_EXERCISE AIM_
Print, exactly as they stand, the lines below from the one that has "Headwear Sports Ripstop" to the one that has "Glass shelter bus", inclusive, leaving out the pictures.

_DATA LISTING_
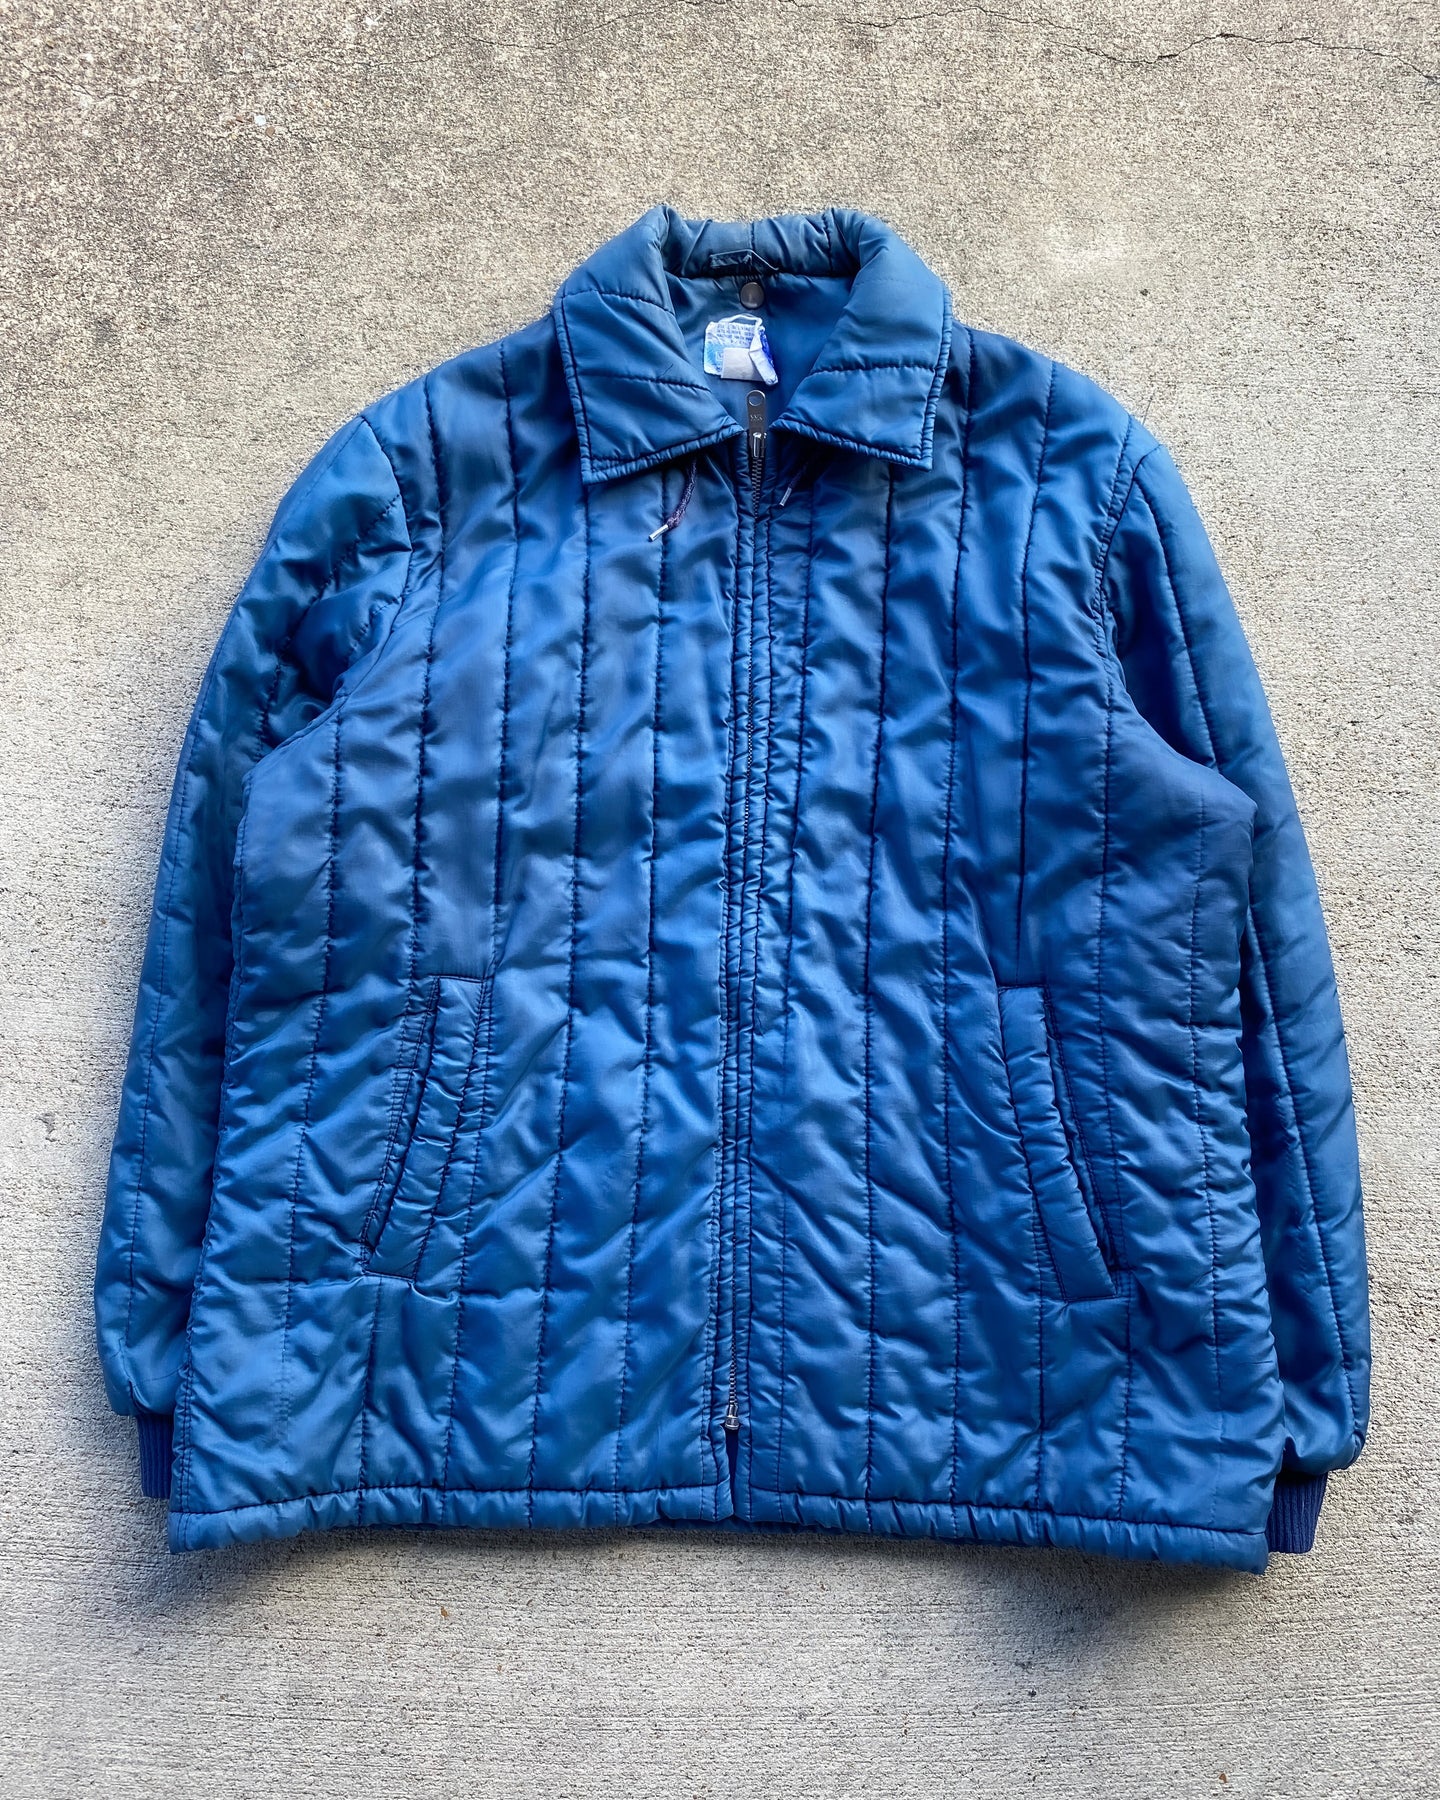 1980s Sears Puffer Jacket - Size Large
==
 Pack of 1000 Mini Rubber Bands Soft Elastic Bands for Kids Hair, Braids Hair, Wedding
---
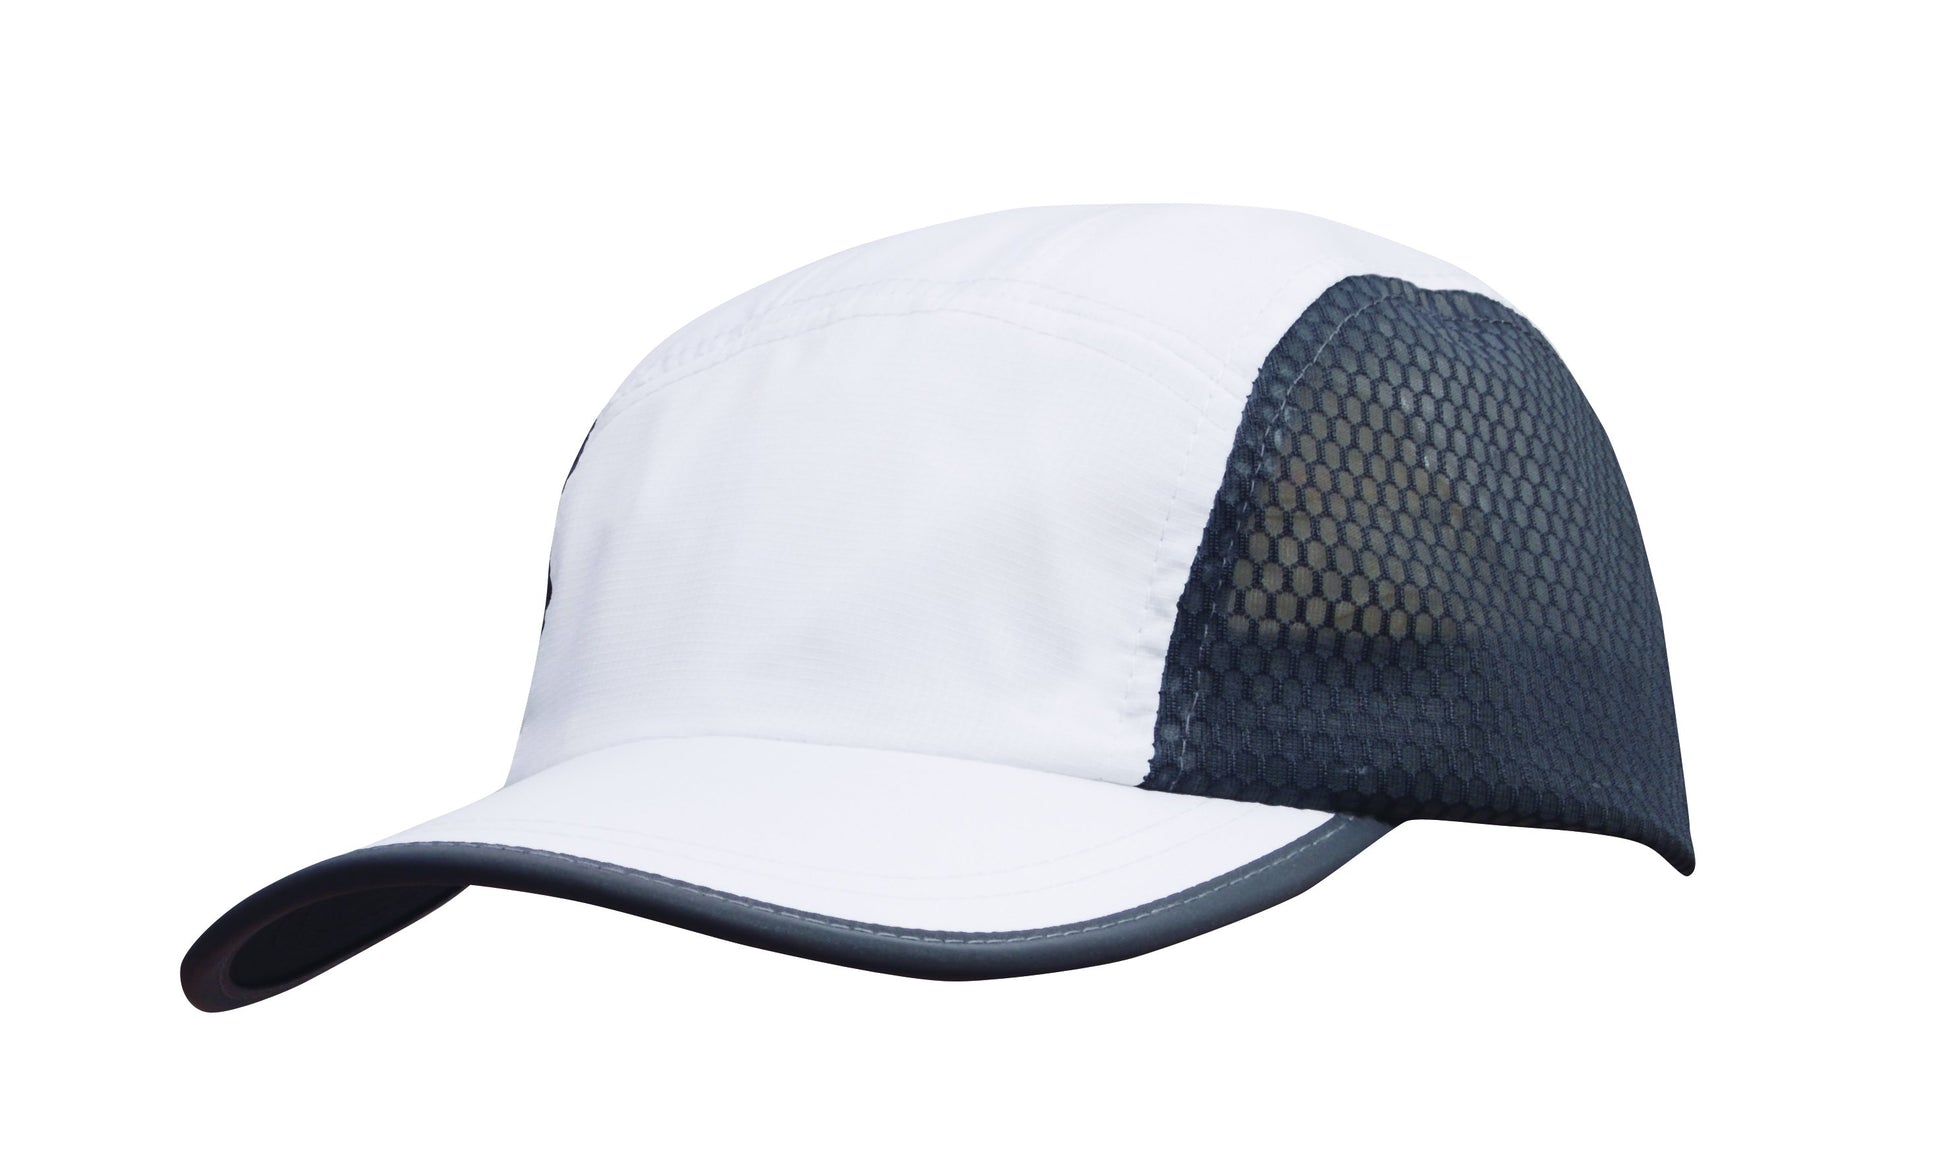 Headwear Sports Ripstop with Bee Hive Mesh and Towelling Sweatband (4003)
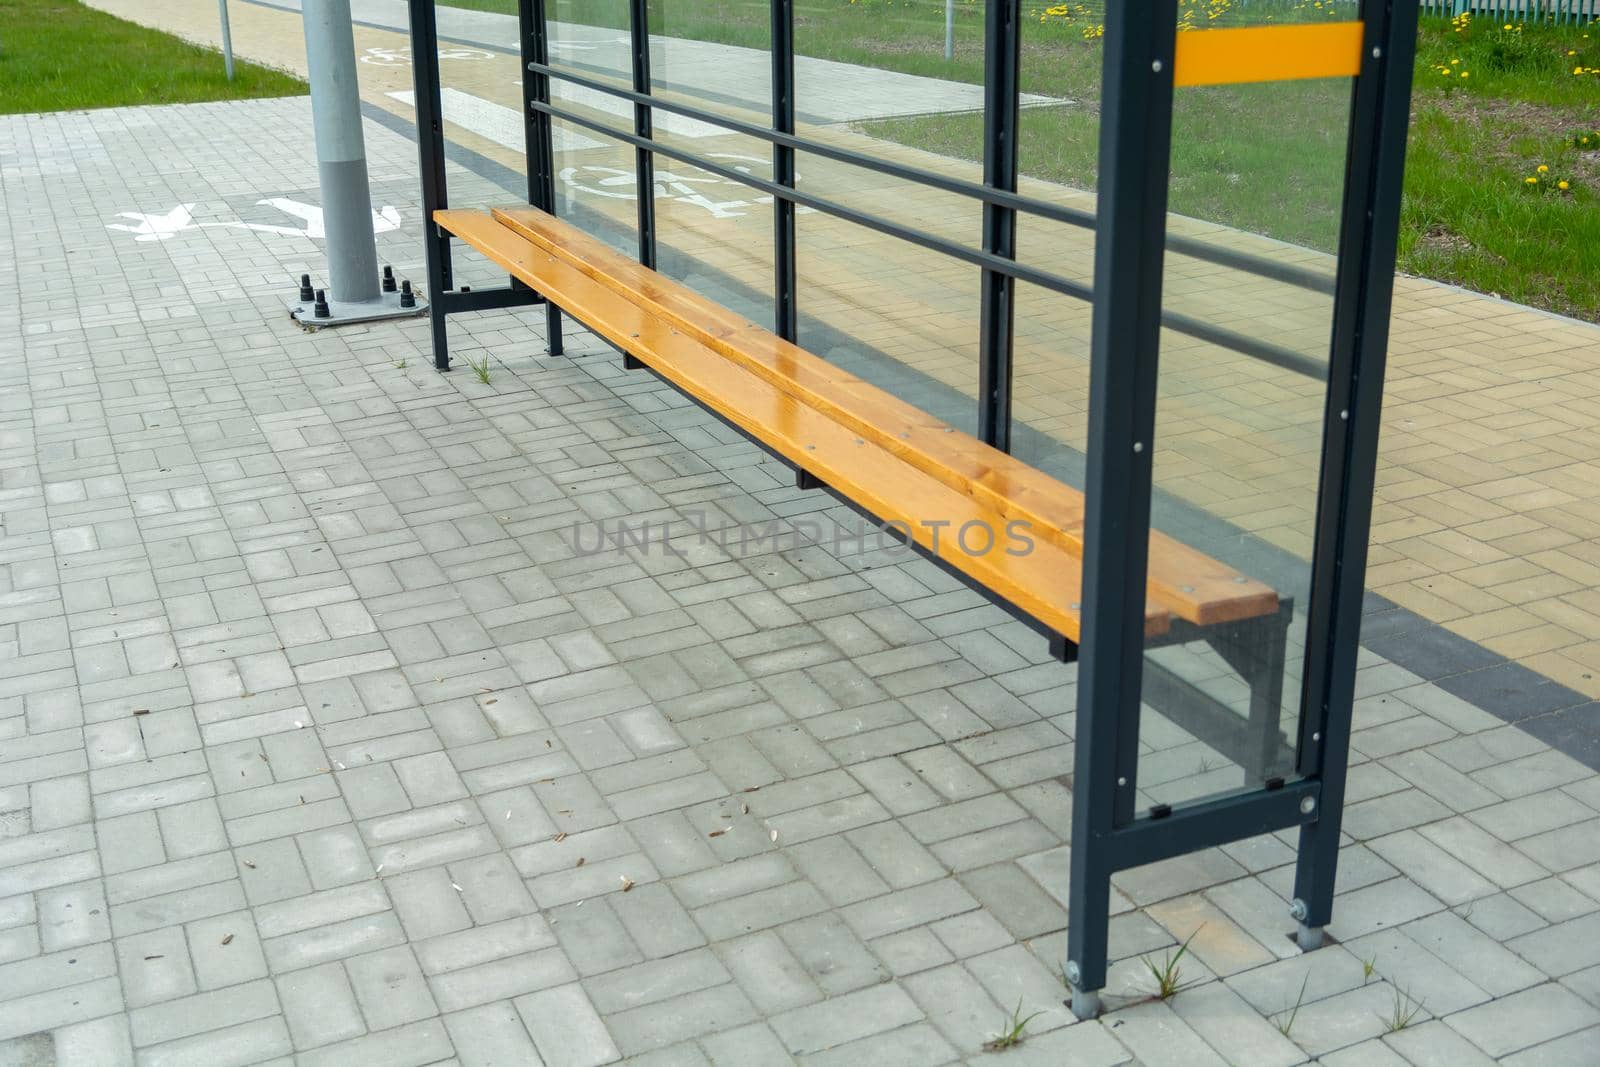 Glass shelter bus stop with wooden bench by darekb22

_THE COMPLETED TASK_
 Headwear Sports Ripstop with Bee Hive Mesh and Towelling Sweatband (4003)
 Glass shelter bus stop with wooden bench by darekb22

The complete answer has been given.